**Assignment**
With the pictures left out, restate exactly the part below that opens with the line containing "Outdoor IP54 Cage" and closes with the line containing "Devin Booker Shirt".
===== Recorded data =====
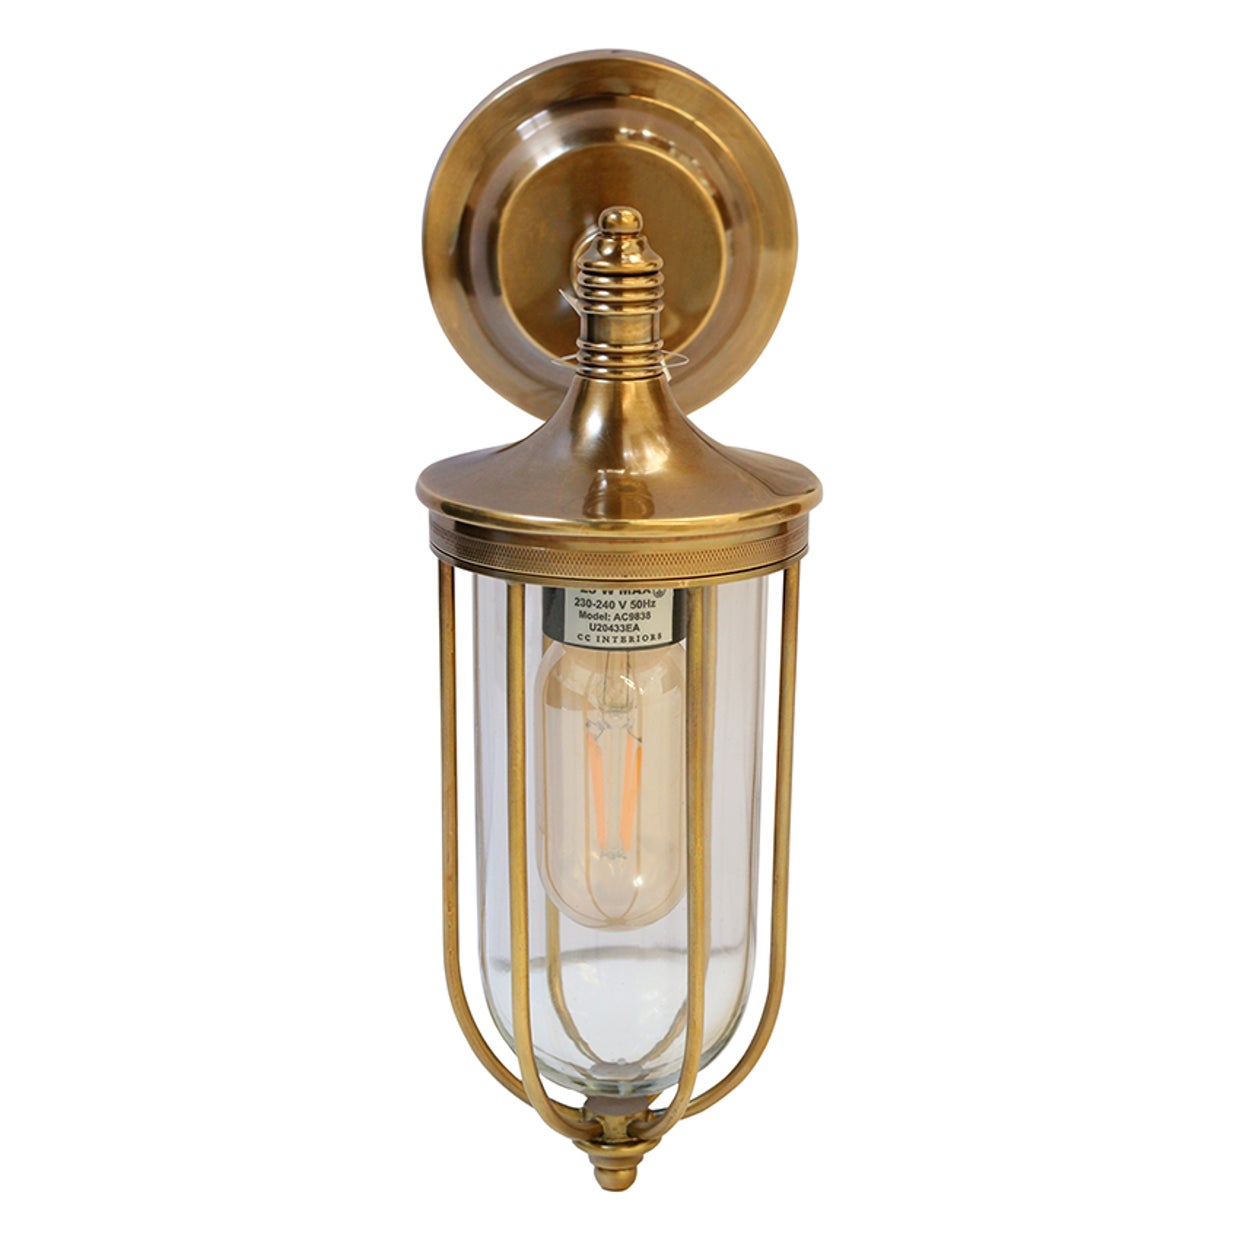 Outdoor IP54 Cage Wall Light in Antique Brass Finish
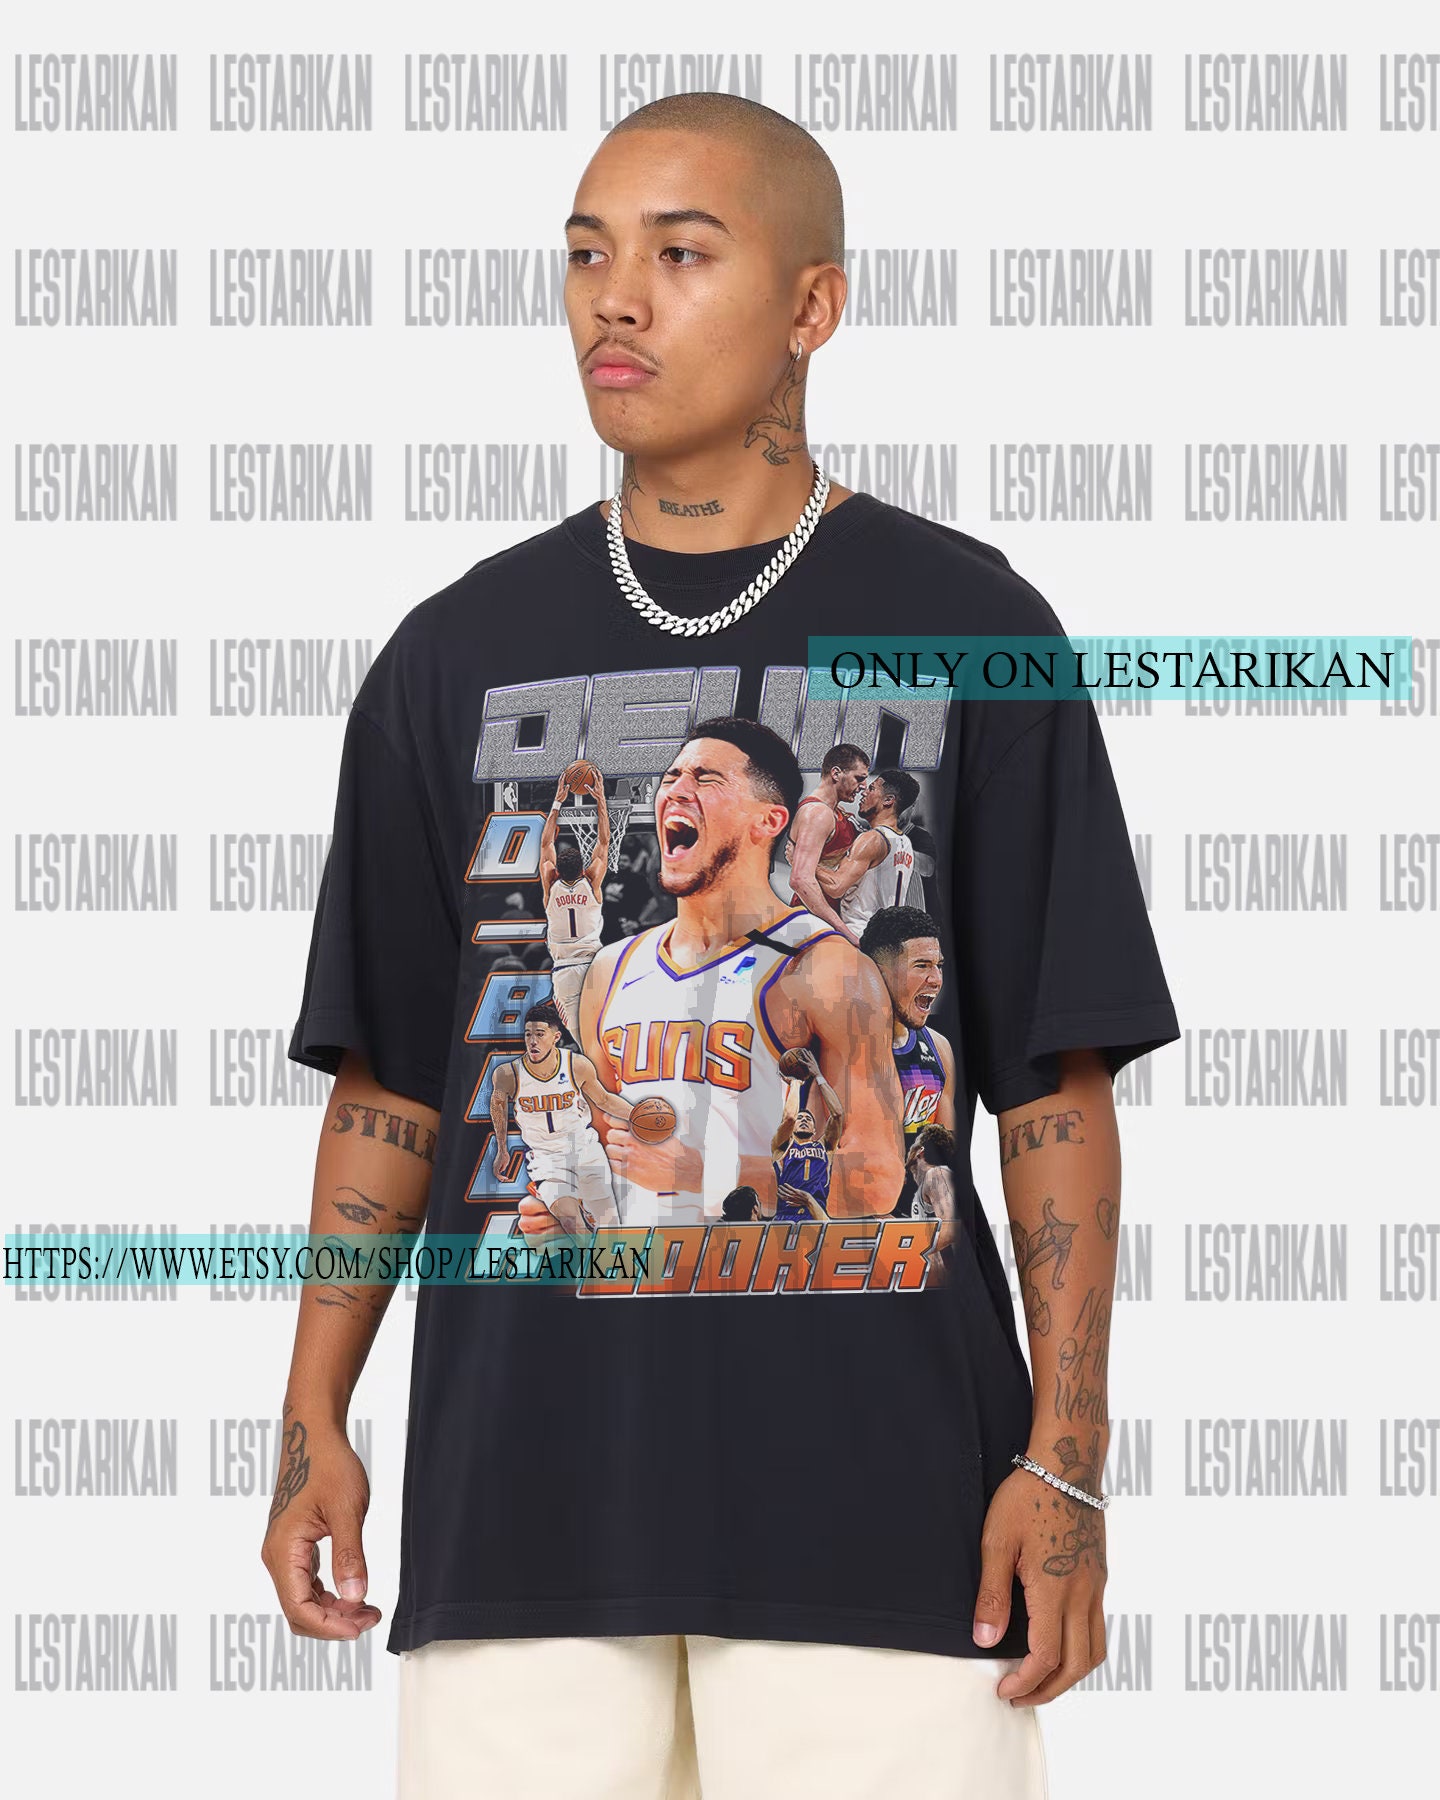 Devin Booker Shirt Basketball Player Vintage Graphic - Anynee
=====
===== Recorded data =====
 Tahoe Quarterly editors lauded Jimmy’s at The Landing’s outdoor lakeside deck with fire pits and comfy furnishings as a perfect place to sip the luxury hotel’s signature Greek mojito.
=====
**Task result**
 Outdoor IP54 Cage Wall Light in Antique Brass Finish
 Devin Booker Shirt Basketball Player Vintage Graphic - Anynee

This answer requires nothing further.